Karen Roby: When you talk about that amount of data, Joe, obviously more than humans, when that information is back here to us, can actually go through, I mean, artificial intelligence playing a big role, machine learning here.

Joe Wolfel: Correct. AI and machine learning actually plays a role in both our data collection operation and on the back end when the user is going to interact with the ocean data. Our first major milestone really was proving that we could do an advanced at a high degree of edge compute on the robot in the water all inside of a pressure vessel, really. We've worked on two machine learning models that we run simultaneously in that data processing pipeline. What that allows is for the robot to go do a surveying mission and then making inferences about what it saw, whether it's an object of importance or a region of importance. And then go back and resurvey for greater fidelity on that data that it collected the first time, all autonomously with no human in the loop in that operation. So that's where AI/ML plays a role in the robot. But then also when you're dealing, to your point, Karen, with these terabytes of data that are coming back, we've also taken a hard look at how to reduce human cognitive load while you're looking for things that are important, right? We're using those machine learning models then to flag human interests in the cloud.

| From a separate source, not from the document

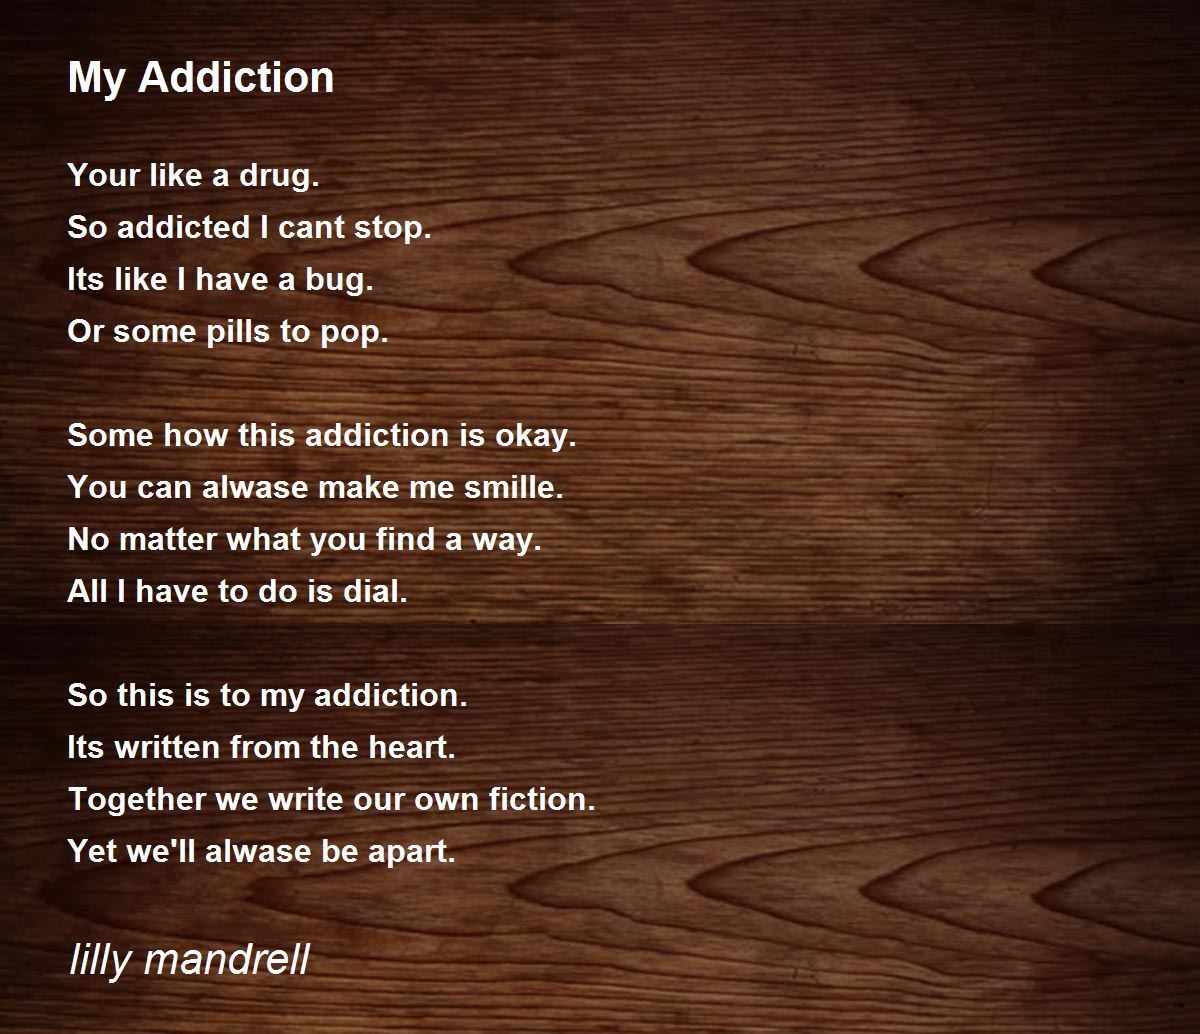 My Addiction Poem by lilly mandrell - Poem Hunter

Karen Roby: Joe, you mentioned that major milestone too, just getting over that. Where do you stand in terms of the trials and what type of timeline are you looking at now?

Joe Wolfel: Backing up a little bit. The first thing that you really need to do to scale ocean data is making the robot really smart. Right? So, that's the thing that we just proved. But it doesn't matter if your robot is really smart if your robot can't stay out for a very long time without humans interacting with it. Right. If you're going to be recovering this robot every day, two, three days, it's just unscalable, especially with 310 million square kilometres of ocean that needs surveying.

So, the next major milestone will be placing an energy recharge system, a fully autonomous energy recharge system in the submersible, and then making sure that we've got a really smart robot. And now we've got a really smart robot that can stay out for a very long amount of time because we can autonomously recharge our batteries to continue doing data collection operations. We anticipate that test will be done sometime in the next 90 to 120 days. At which point we'll have proven us, we call it the con-op, the concept of operations at Terradepth, which is really the key we think to have a scalable ocean data collection capability.

Karen Roby: Joe, going from being a Navy SEAL and then now to bringing this dream to life, I mean that's really fascinating how you've gone from that to now this and really going to be great to see how it takes off.

Joe Wolfel: Thanks. We're excited. We got a great team doing both the data collection piece and the data utilization and interaction side of the house. It's a complex strategy that we're running here, but we've got a great team who's helping us along the way, getting it done.